Our first activity when we arrived at The Royal Gunpowder Mills was when we went to the toyshop. We learnt that the poor children had to make toys. They used wooden dolly pegs and they cut up tatty old dusty clothes
After we visited the toyshop, we went to the seaside and got nice and tanned. The rich used to walk around and glide in tight corsets for fashion. This was called promenading. The ladies waists were 40cm round. All their ribs broke, they got hot and fainted. All of their insides were squashed and they couldn’t sit, speak or breathe properly. They also had 1 penny for a lick of ice-cream out of a little glass jar with a small top. They also said that they had a dipper at the beach, who was paid to push their heads under the salty water, because they thought that salt was healthy and good for them. I felt sorry for the poor because they had no pennies or half pennies for a delicious, scrumptious lick of ice-cream.
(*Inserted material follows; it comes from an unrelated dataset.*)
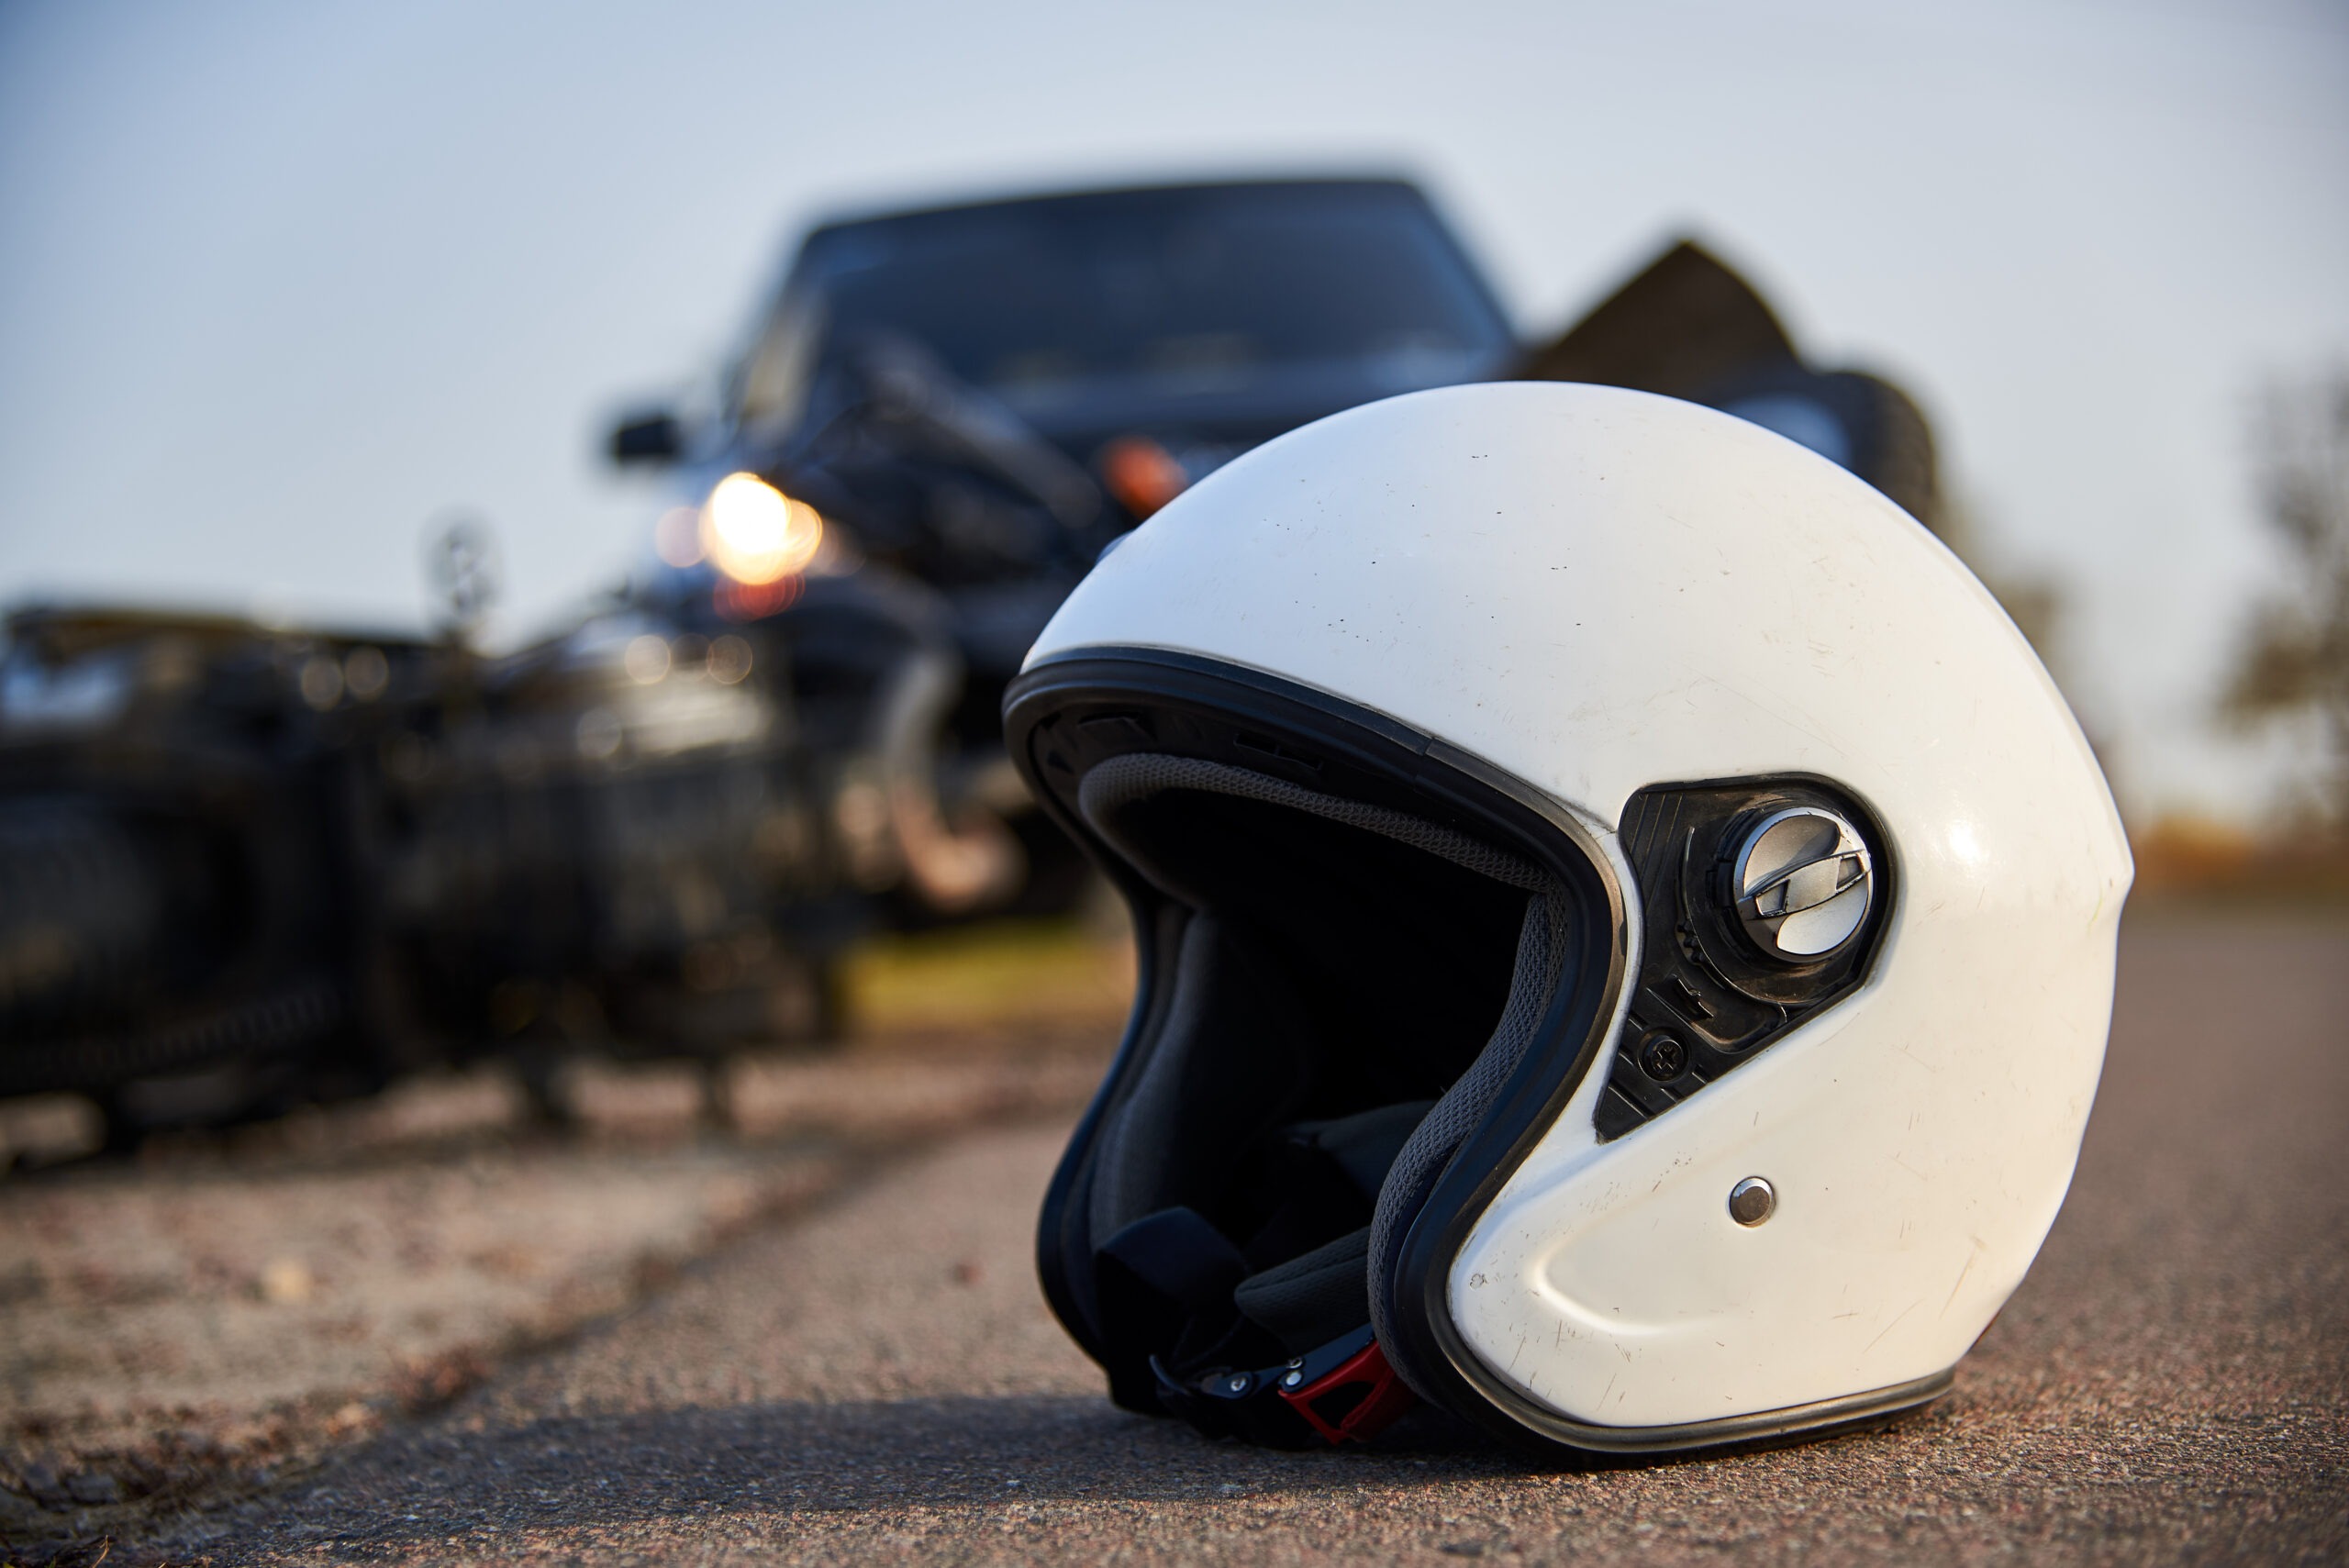 What Can I Do to Protect My Rights After a Motorcycle Accident?

Once we had finished our lunch we went to the Workhouse to earn 15 pennies to buy ou rself nice cabbage soap. I was a shoe shiner and I had a tiny piece of polish on a brush to clean a shoe, which had dust and dirt over the top. I was so shocked when I heard that the children worked from age 7 and over and that they worked 11-12 hours every day from early in the morning until very late at night. When I was scrubbing the shoes I had pain running through my back, hands, neck and arms, running through like a shivering river.
Finally we went to a Victorian school; hard working on our A,B,C’s and 1,2,3. Learning on a blackboard and writing with white chalk. Teachers asked questions, however you had to stand up to and answer the teacher politely, “Yes maam” we shouted. If you were naughty, you would have been whacked with the cane or stood facing the wall wearing a cone pointy hat.